→ TASK DIRECTIONS
What you return should be the lines from the one with "Hugo Boss Cottons PIRO POLO SHIRT IN WHITE" through the one with "FeinkostMEDIA Website Screenshot" in the data below, reproduced exactly with both ends, and no pictures at all.
*** SOURCE DATA Section Begins ***
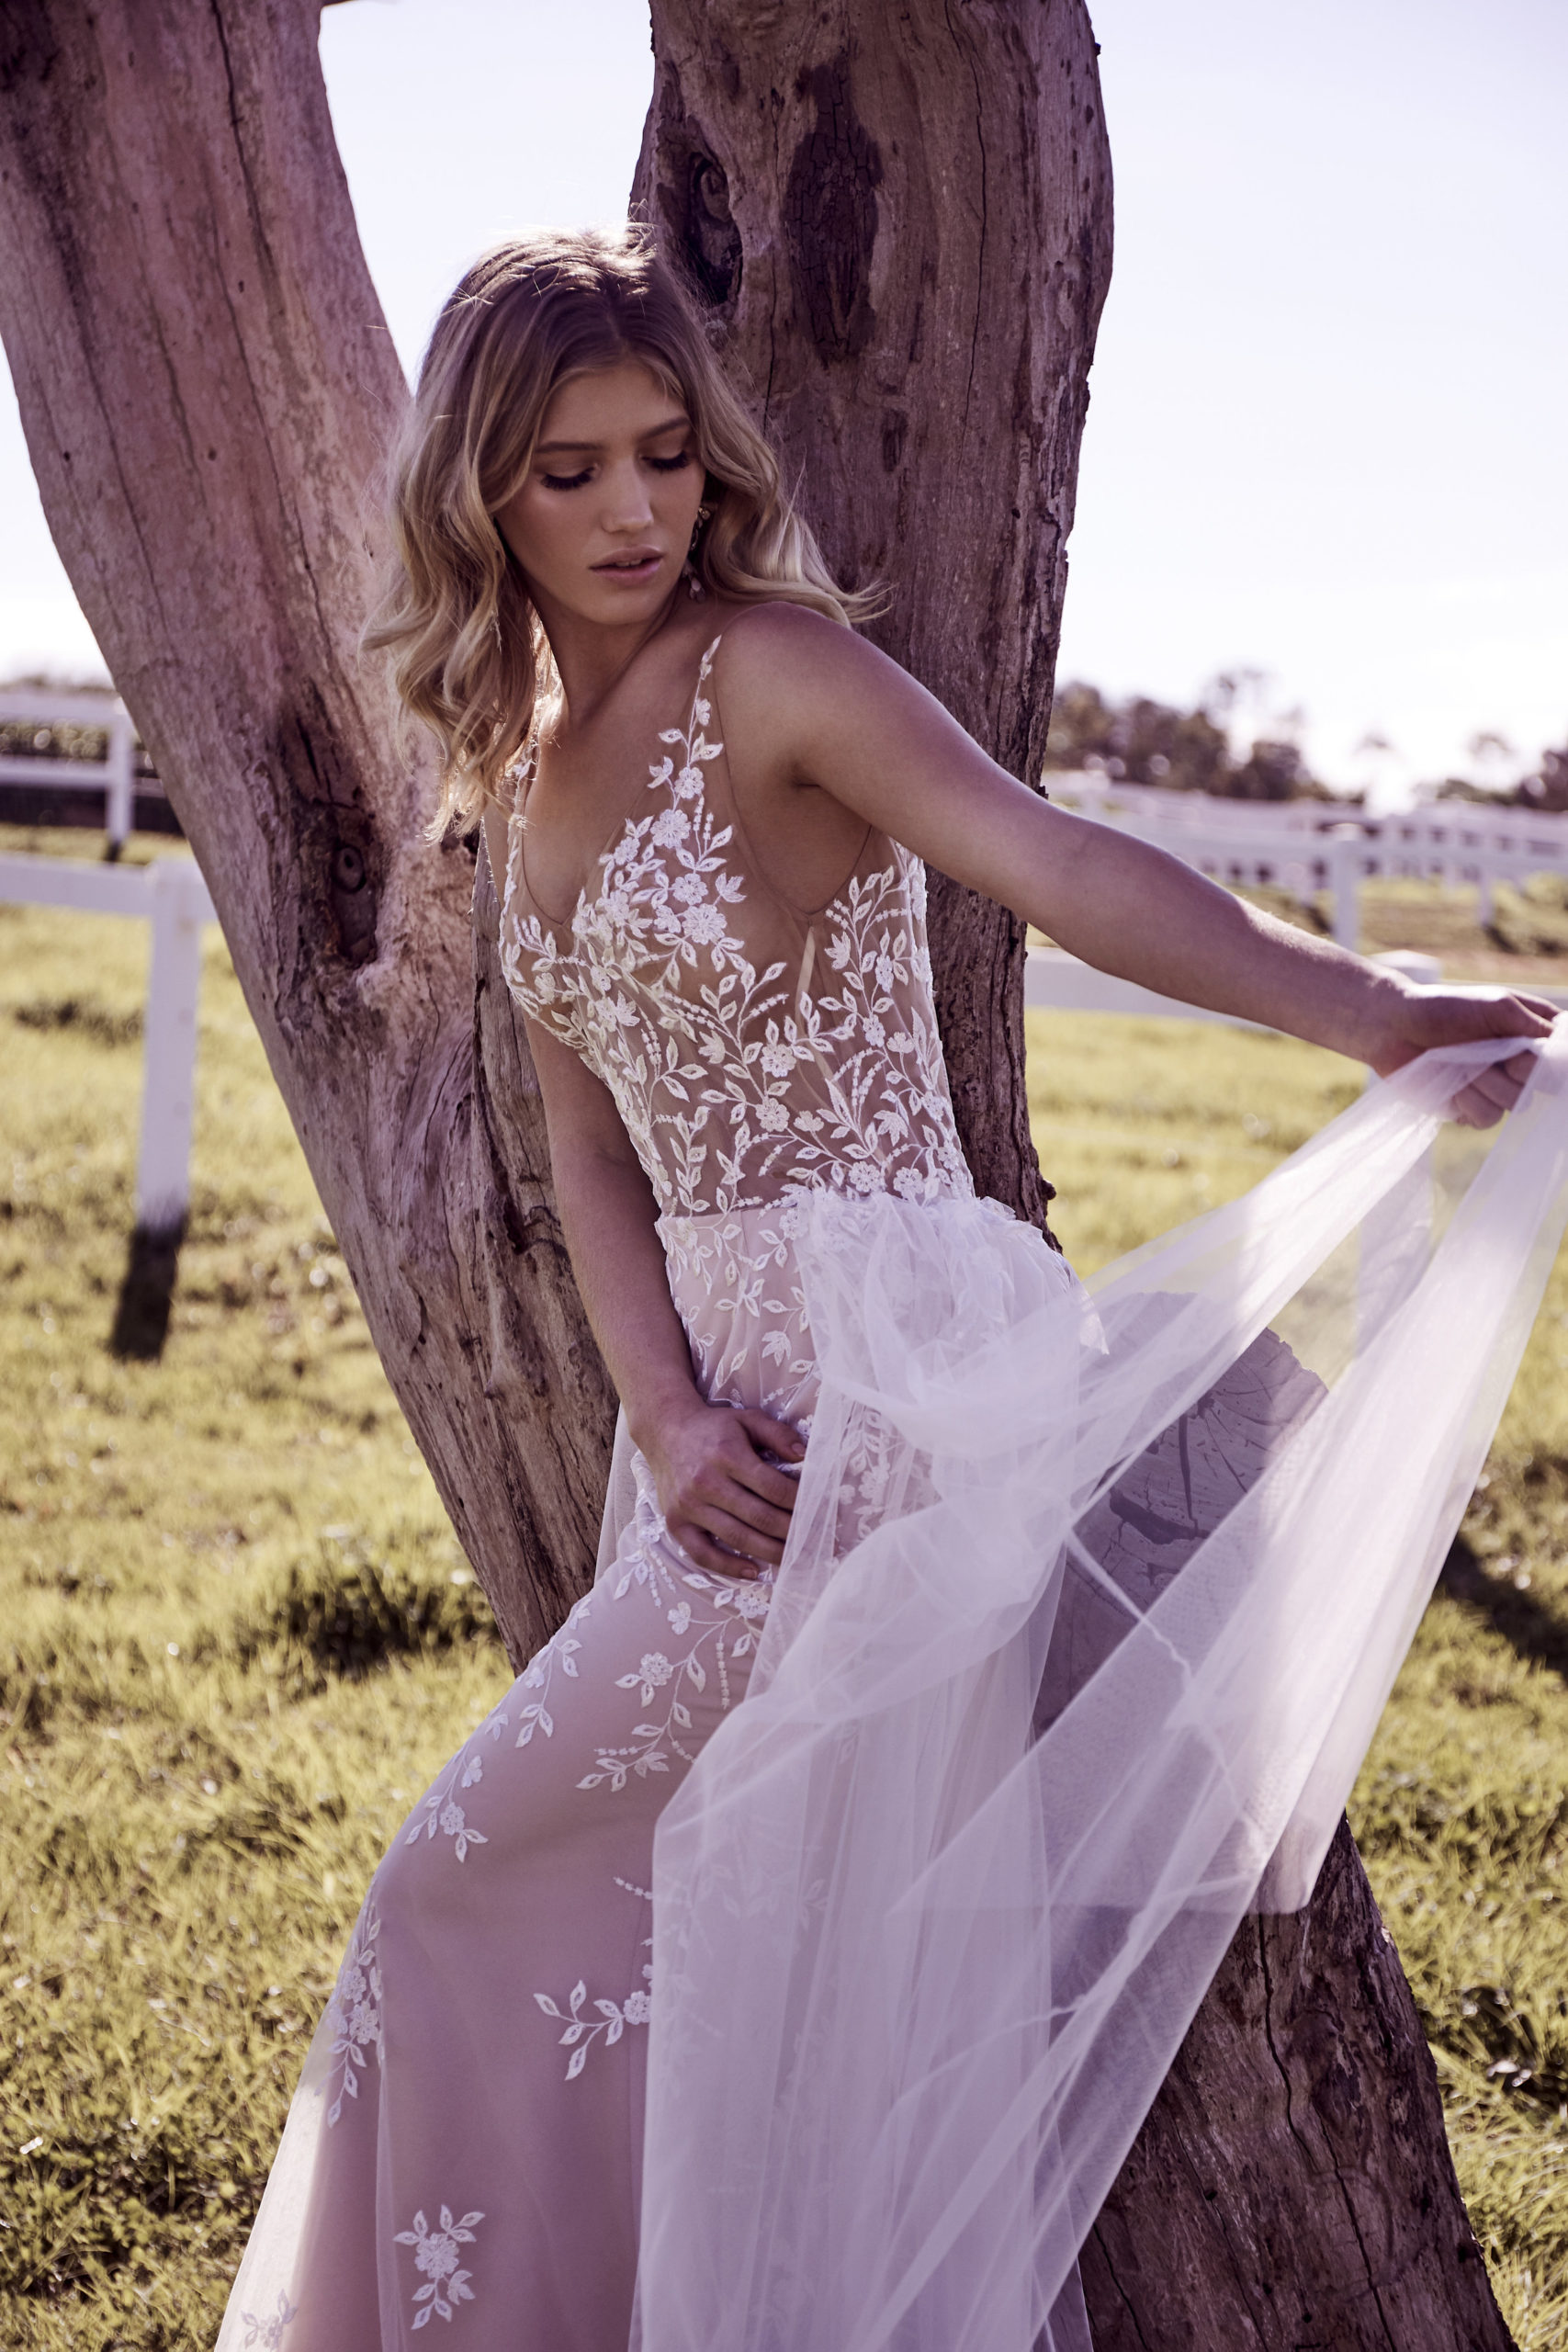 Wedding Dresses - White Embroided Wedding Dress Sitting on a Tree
*** SOURCE DATA Section Ends ***
*** SOURCE DATA Section Begins ***
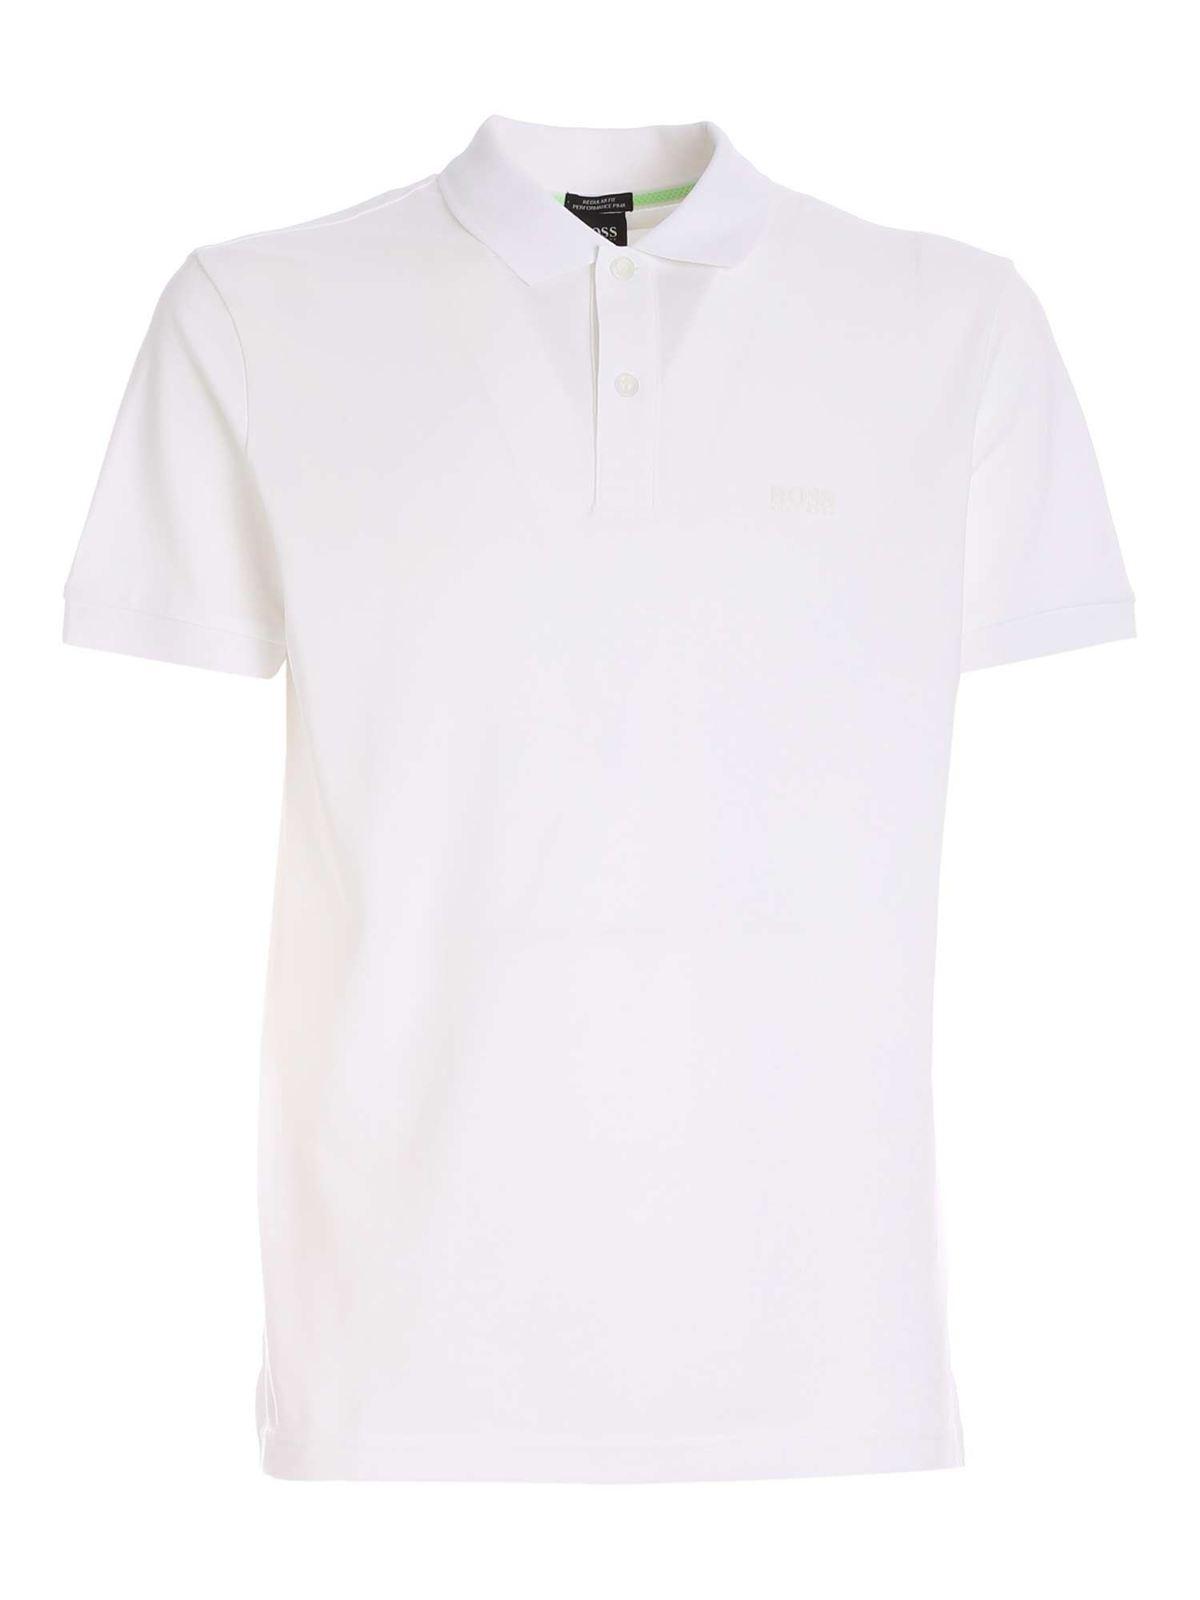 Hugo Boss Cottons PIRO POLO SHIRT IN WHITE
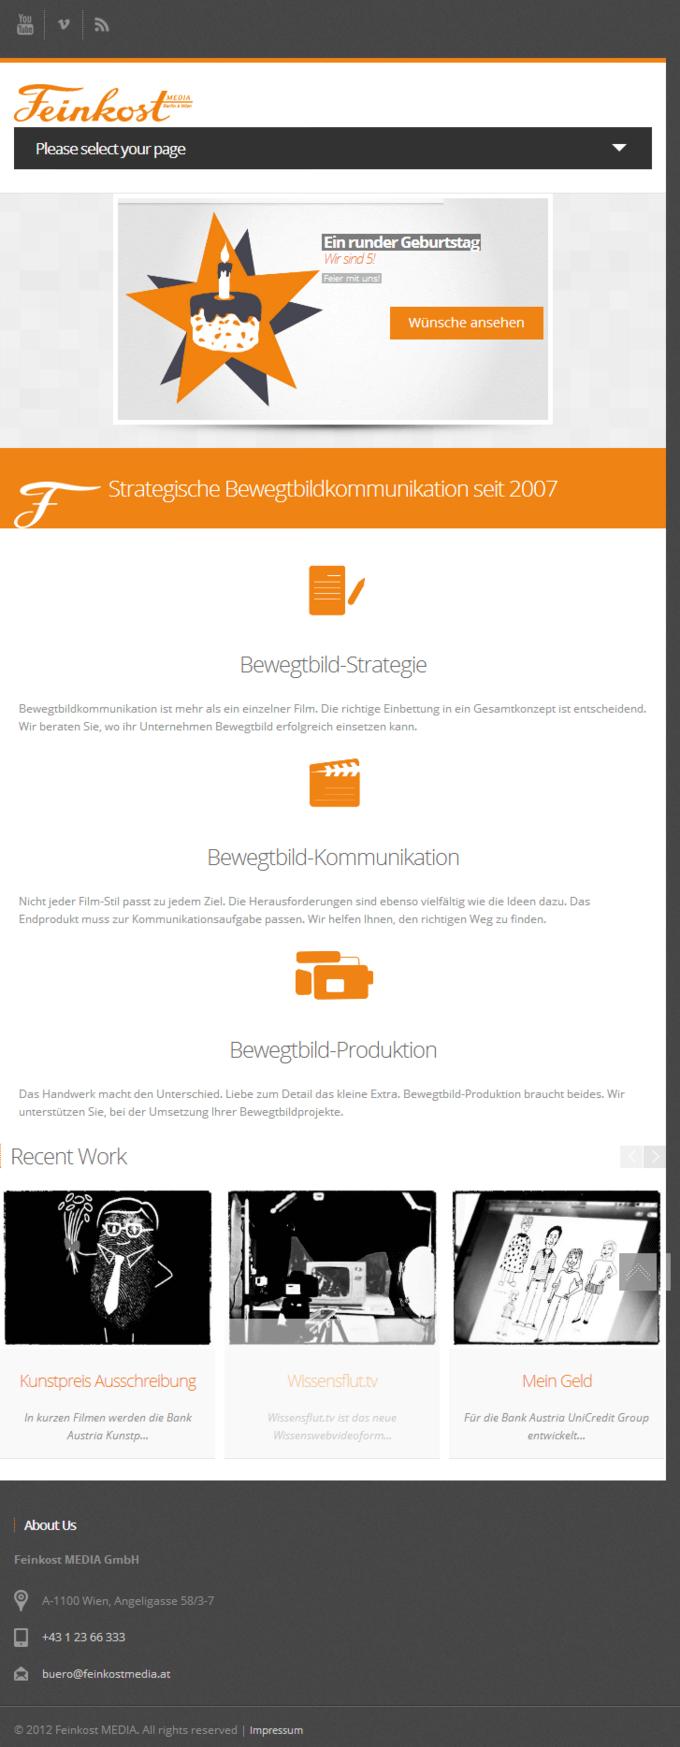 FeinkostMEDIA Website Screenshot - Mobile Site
*** SOURCE DATA Section Ends ***
*** SOURCE DATA Section Begins ***
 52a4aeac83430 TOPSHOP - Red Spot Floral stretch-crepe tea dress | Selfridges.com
*** SOURCE DATA Section Ends ***
→ RESPONSE BELOW
 Hugo Boss Cottons PIRO POLO SHIRT IN WHITE
 FeinkostMEDIA Website Screenshot - Mobile Site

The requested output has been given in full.